The fundamental challenge stems from China's preeminence as a global manufacturer, positioning it as a major exporter in ways that can undermine domestic industries. Due to China's policy of restraining internal consumption in favour of production, the rest of the world purchases its goods as domestic demand is insufficient. The U.S. seeks to rectify this trade imbalance, but has paradoxically imposed tariffs on potential allies who share concerns regarding China's impact on their automotive and technology sectors.
“Clearly, in this complex trade situation, China represents the most significant factor,” Bessent remarked this week. “What will be the eventual outcome of our dealings with China?”
Lin Jian, the spokesperson for China's Foreign Ministry, proposed that a constructive approach for the Trump administration to initiate discussions would involve moderating their language and reducing punitive import tariffs.
On Tuesday, Lin said that if the U.S. really wants to solve the problem by talking and negotiating, it should stop threatening and pressuring. Instead, it should talk with China based on equality, respect, and mutual benefit.
When questioned on Wednesday about whether he would lower the tariffs on China as a prerequisite for negotiations, Trump responded with a definitive "No."
The president further challenged assertions from the Chinese government claiming his administration had requested the Geneva discussions, suggesting they review their documentation.
Would congressional approval be necessary for any agreements?
That is not necessarily the case; it depends on various factors.
Trump put in place tariffs on his own, without Congress, using a law from 1977 called the International Emergency Economic Powers Act. This has caused many lawsuits. The government also says that any changes to the tariff rates would not need Congress to agree.
Prior to this, presidents, such as Trump during his initial term with the “Phase One” China agreement, were restricted to negotiating “more circumscribed agreements that addressed specific bilateral trade and tariff concerns,” as detailed in a Congressional Research Service report updated in April of this year.
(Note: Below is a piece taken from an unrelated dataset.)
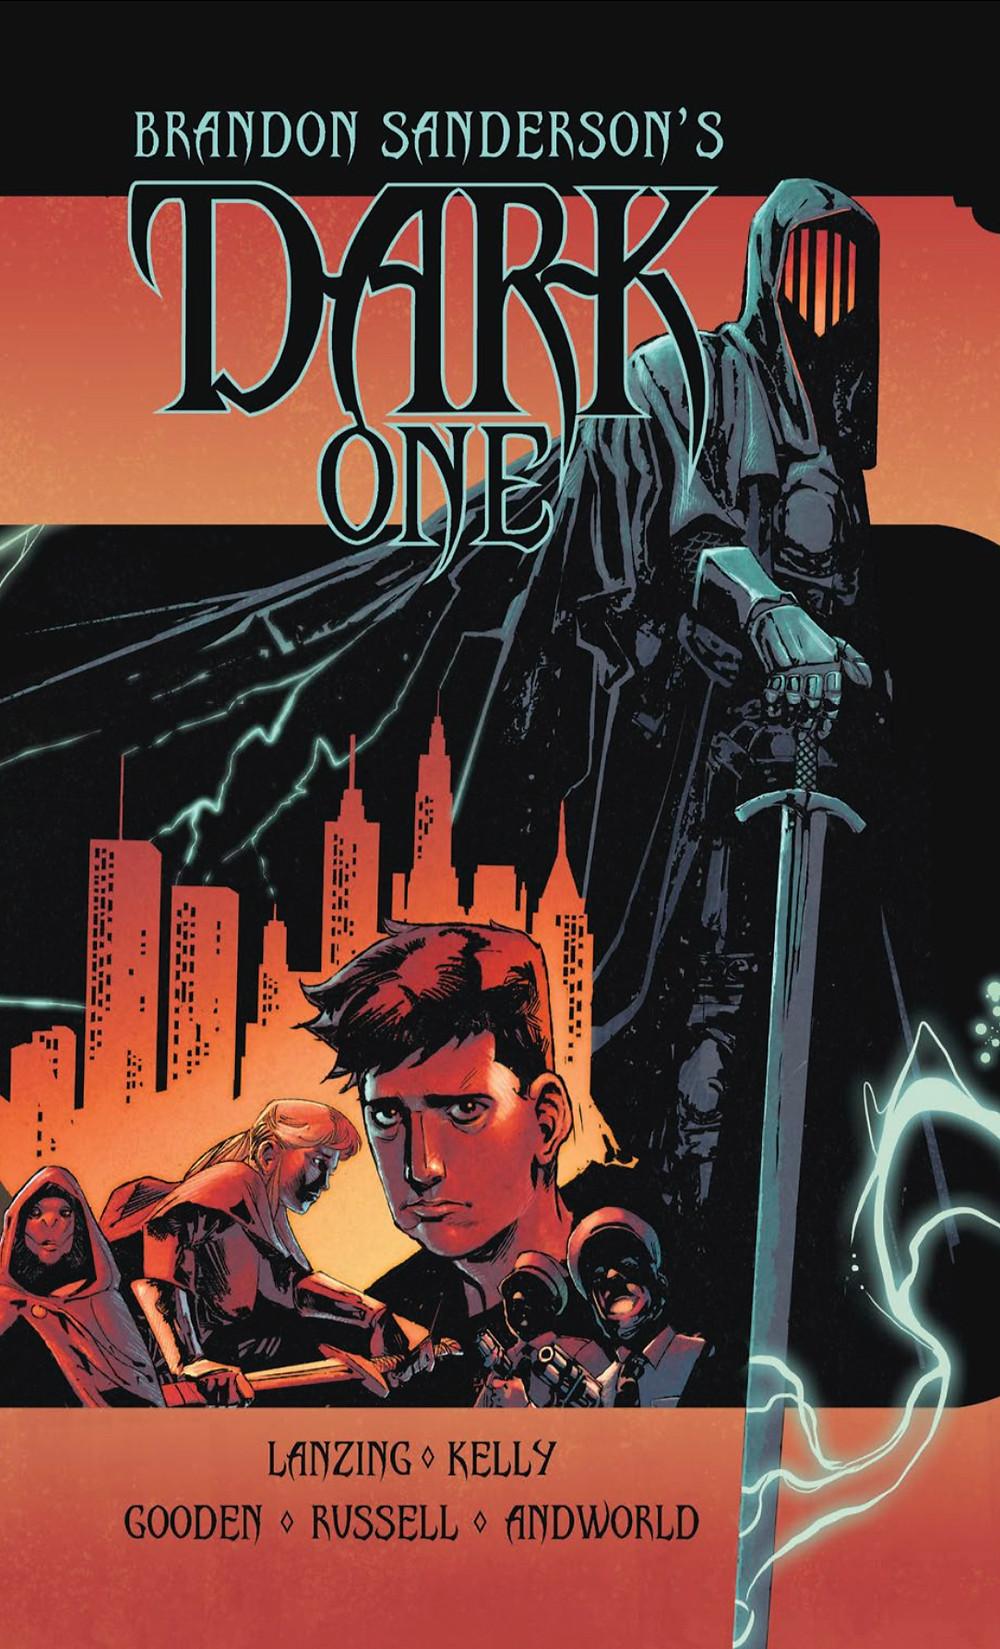 Dark One, Vol. 1, cover, Vault, Sanderson/Lanzing/Kelly/Gooden
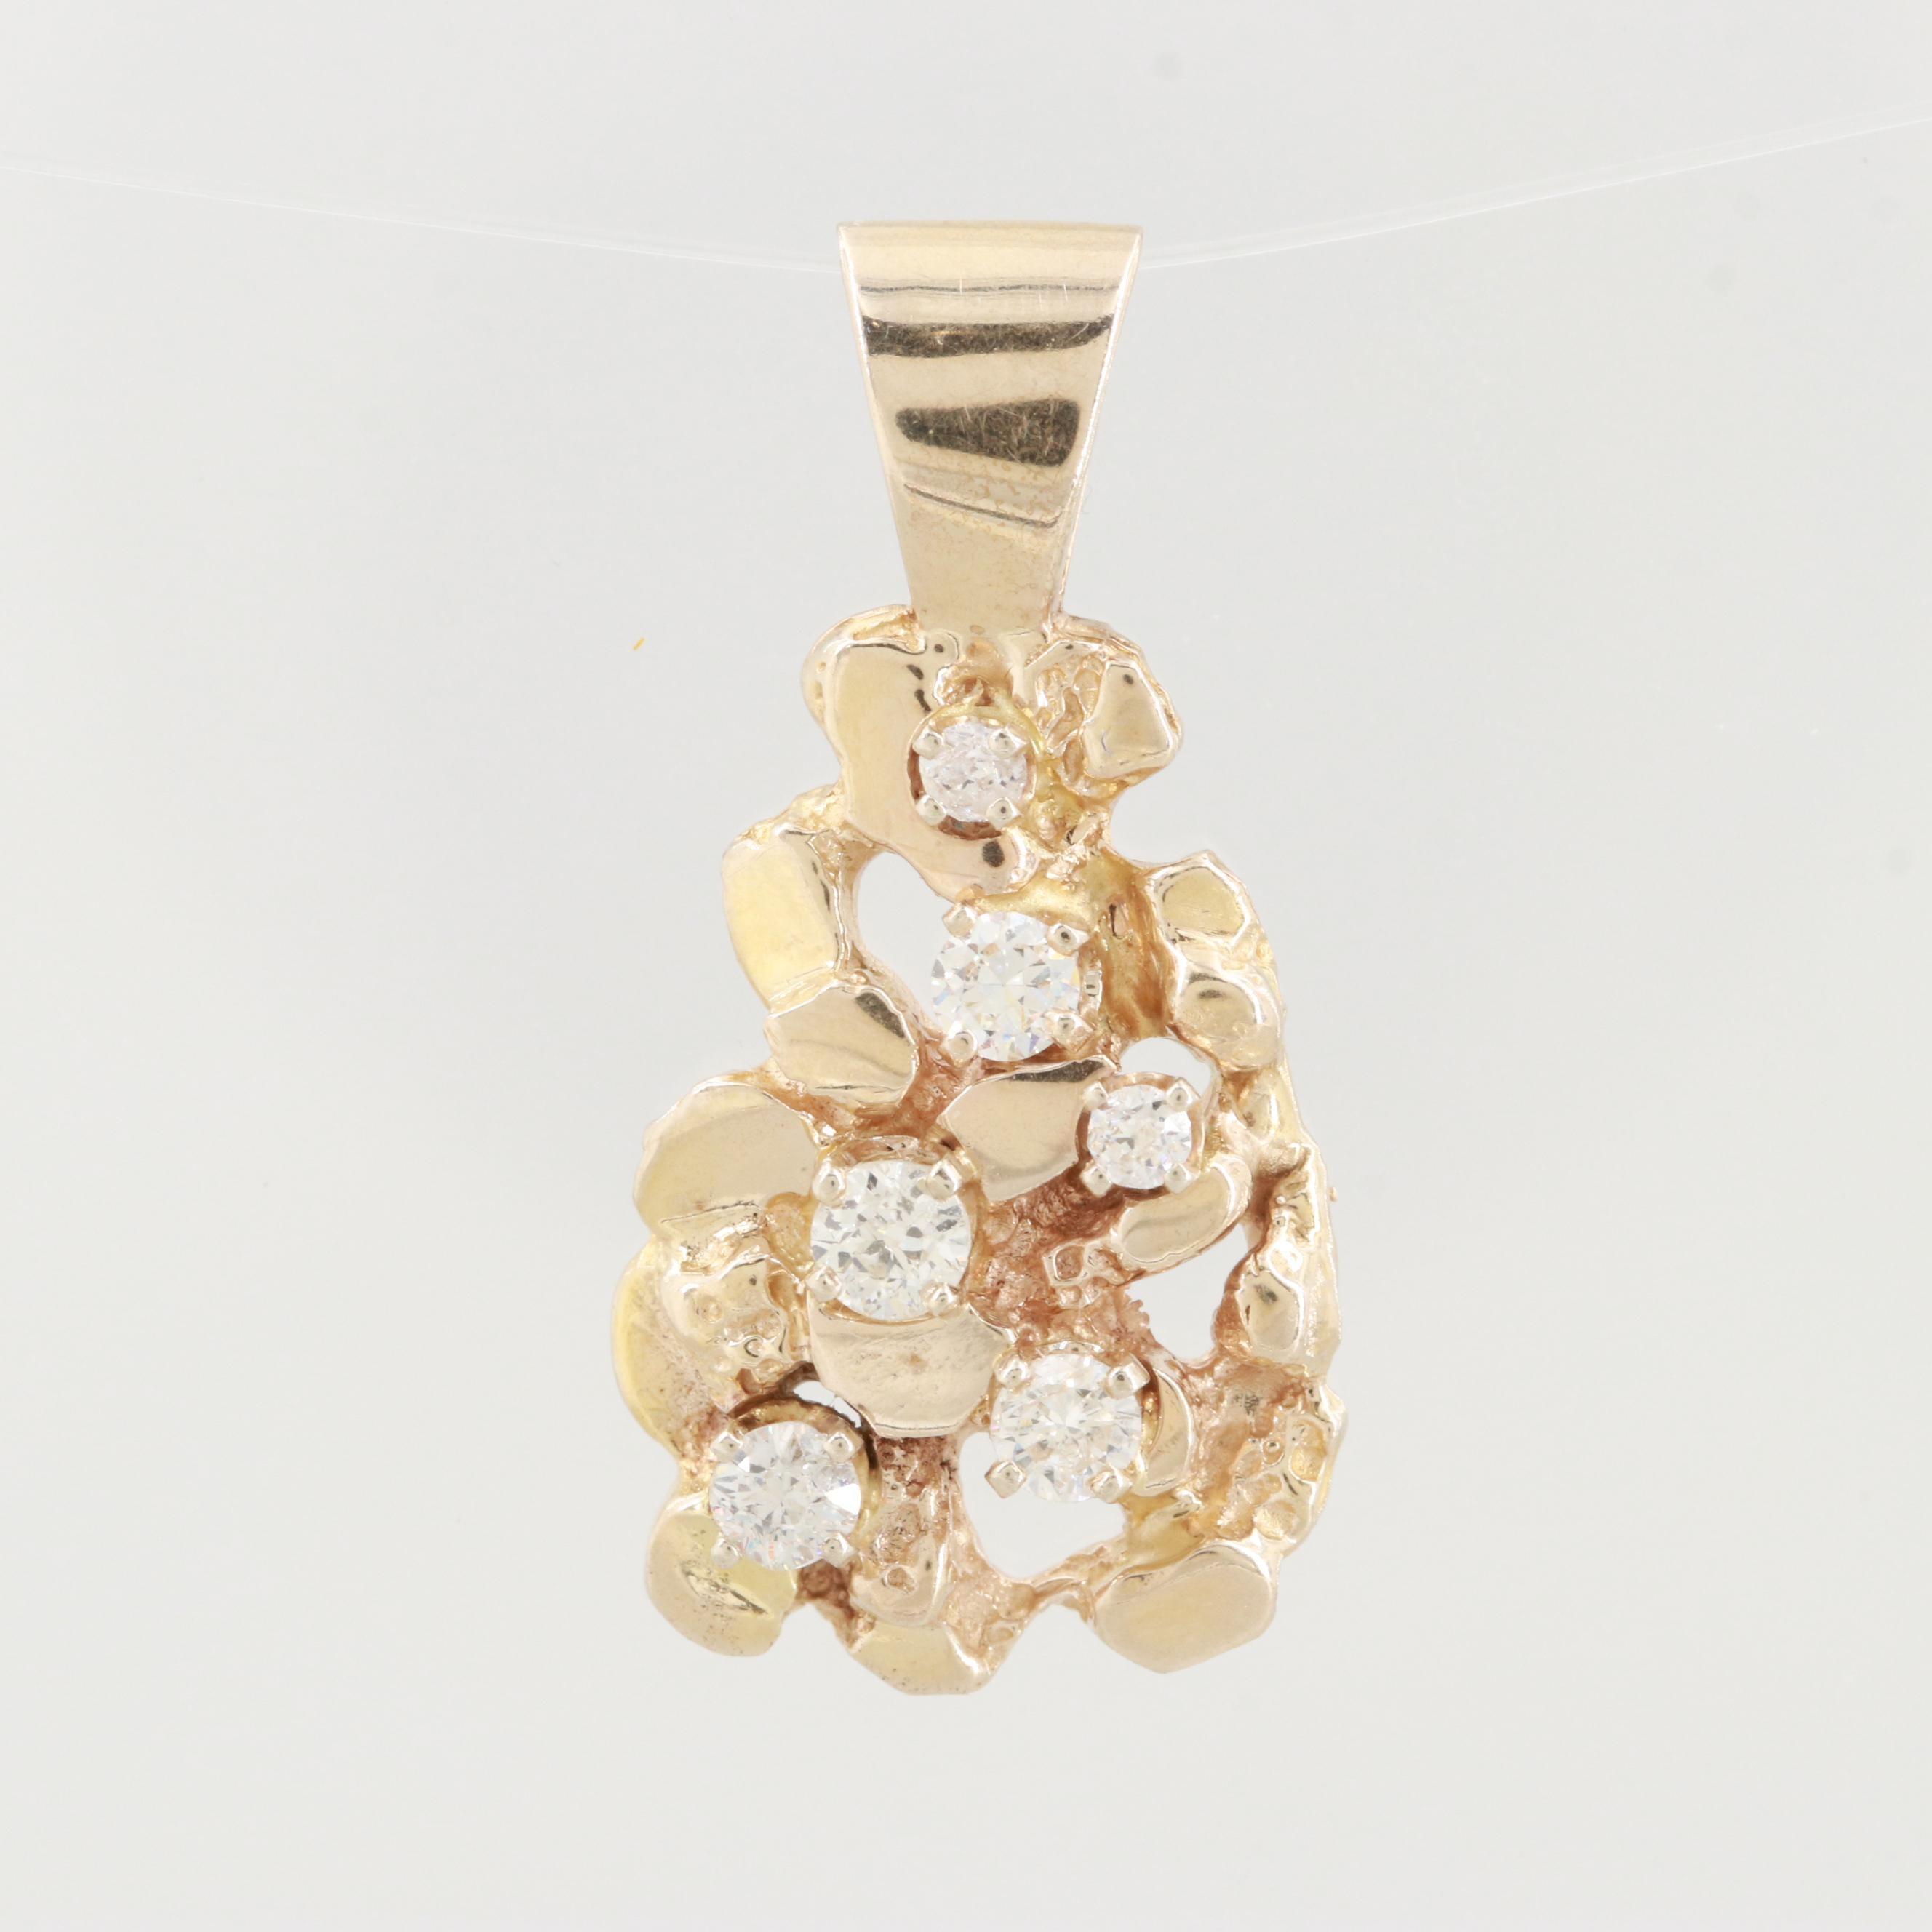 14K Yellow Gold Diamond Nugget Style Pendant

Additional instances of such constrained deals involve a 2023 accord regarding critical minerals and a 2020 arrangement concerning digital trade with Japan.
The crux of the challenge lies in Trump's inclusion of non-tariff barriers, such as automotive safety regulations and European value-added taxes, within the scope of negotiations. He seeks reciprocal adjustments to these non-tariff policies from other nations in exchange for a reduction in the recently implemented U.S. tariffs. Conversely, other countries may raise objections regarding U.S. corporate subsidies.
According to the Congressional Research Service report, a deal tackling non-tariff barriers and necessitating alterations to U.S. law would theoretically require authorisation from both the House and the Senate.
Does it truly constitute an agreement if Trump unilaterally imposes it?
Trump has said that if other countries don't agree with him, he will make deals within the country and decide on tariff rates himself. He technically started this with his "Liberation Day" tariffs on April 2. These import taxes caused the financial market to drop sharply, which made him stop some new tariffs for 90 days. He also set a lower rate of 10% while talks are happening.
It seems probable that Trump will consent to refrain from imposing the previously threatened tariffs, provided he deems other nations' concessions sufficient. This effectively implies that the U.S. relinquishes nothing, given the tariffs' recent introduction. However, Trump might also withdraw these tariffs without necessarily securing significant reciprocal gains.
According to William Reinsch, a senior adviser at the Center for Strategic and International Studies, a Washington-based think tank, Trump is known for initiating negotiations with extreme demands and subsequently moderating them, leaving the duration of this approach uncertain. However, it appears that nations seeking standard trade negotiations involving significant mutual concessions are currently being met with resistance.